Reactions varied: some episcopal conferences and nuncios in Vienna, Warsaw, Lisbon, and Madrid enforced the bull energetically, while courts in Prussia, Great Britain, and parts of Germany exhibited ambivalence or hostility. Secular rulers including Frederick II of Prussia and ministers in Whitehall weighed the bull against concerns about civil liberties and statecraft, and lodges in Philadelphia and Charleston continued activity with members like Benjamin Franklin and George Washington expressing diverse stances. Intellectuals such as Denis Diderot, Montesquieu, and Adam Smith intersected indirectly with debates generated by the bull, and diplomatic fallout featured exchanges among papal nuncios, ambassadors from France and Austria, and envoys to the Holy See.
Legally, the bull became a reference point in later canonical texts and penal practice within the Roman Curia and influenced the procedures of the Sacred Congregation for the Propagation of the Faith and the Sacred Congregation of the Index. Theologically, it engaged questions debated by theologians such as Robert Bellarmine heirs and commentators aligned with Thomism and critics influenced by Cartesianism or Lockean thought; it invoked issues concerning oath-taking found in canon law traditions from the Council of Trent and precedents reaching back to actions under Pope Innocent XII. Subsequent papal documents, including texts by Pope Pius IX, Pope Leo XIII, and Pope Pius XII, referenced earlier condemnations in framing later disciplinary measures toward secret societies.
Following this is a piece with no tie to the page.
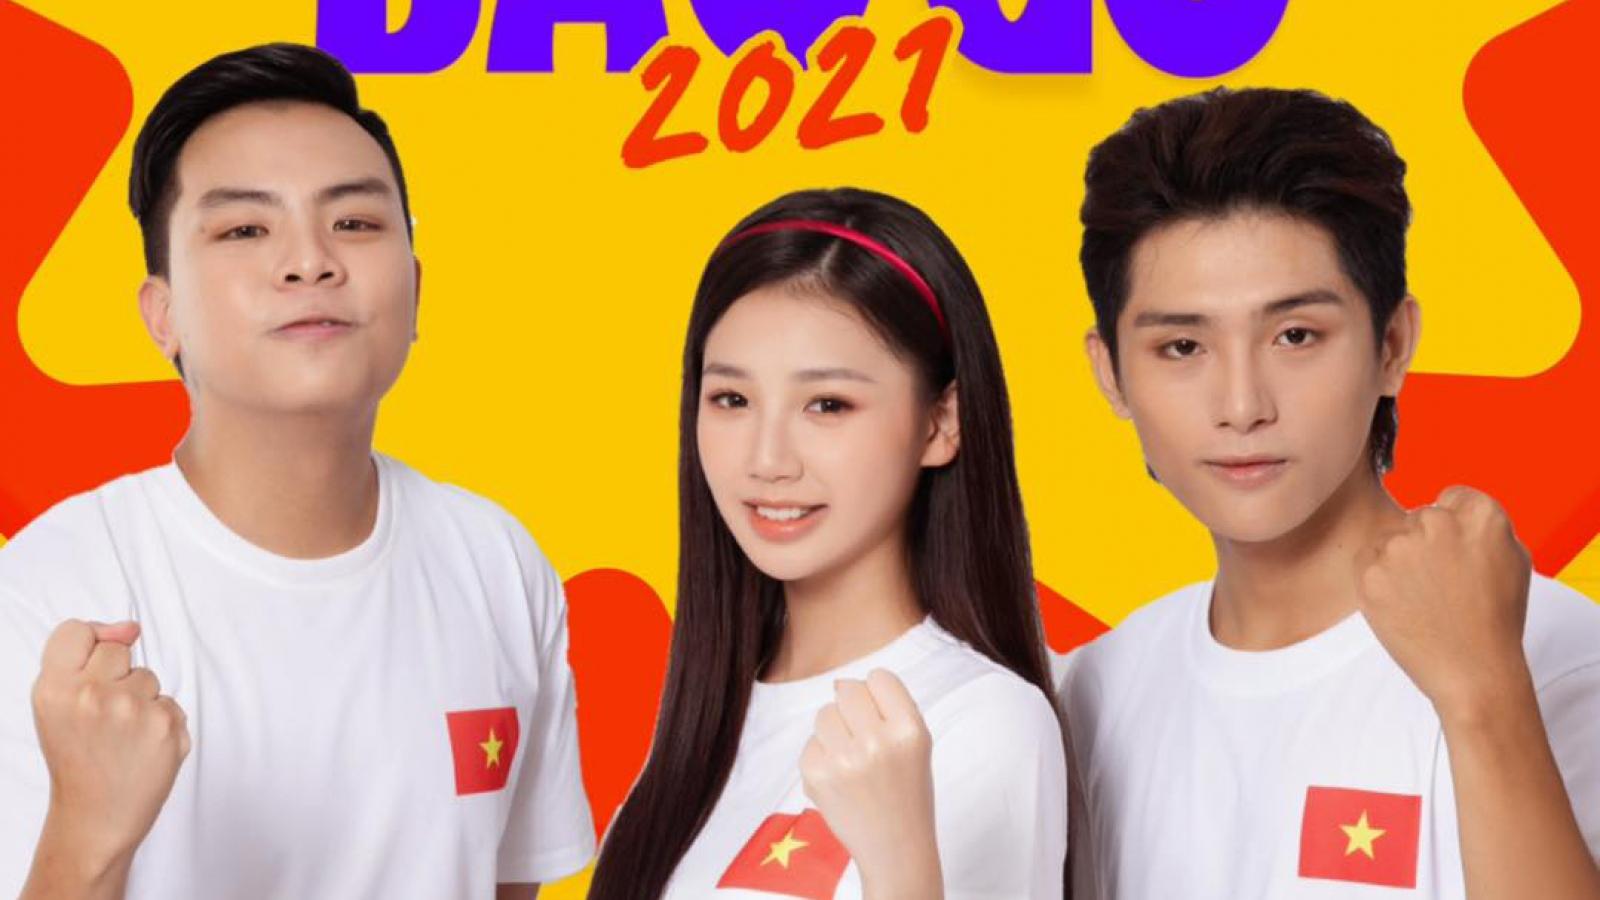 """Không khí trẻ trung, sôi động trong MV """"Bài ca bầu cử"""" của Hứa Kim Tuyền, Amee và Grey D"""

Historians and scholars from institutions such as Cambridge University, Harvard University, University of Oxford, and Université Paris 1 Panthéon-Sorbonne debate the bull's long-term effects on Catholic engagement with modernity, associational life, and civil society in regions like Latin America, Ireland, and Italy. Some scholars link the bull to patterns in anti-clerical legislation during the French Revolution and the Risorgimento, while others situate it within continuity involving Ultramontanism, Liberal Catholicism, and responses to Modernism later examined by Pope Pius X. Debates involve archival evidence from the Archivio Segreto Vaticano, lodge records in Edinburgh, diplomatic correspondence in the British National Archives, and contemporary press from The London Gazette, Mercure de France, and pamphlets circulated in Vienna and Naples. The bull's place in ecclesiastical history continues to inform studies of secrecy, ritual, and authority involving figures like Napoleon Bonaparte, Giuseppe Garibaldi, and Simón Bolívar and institutions including the Society of Jesus and national episcopates.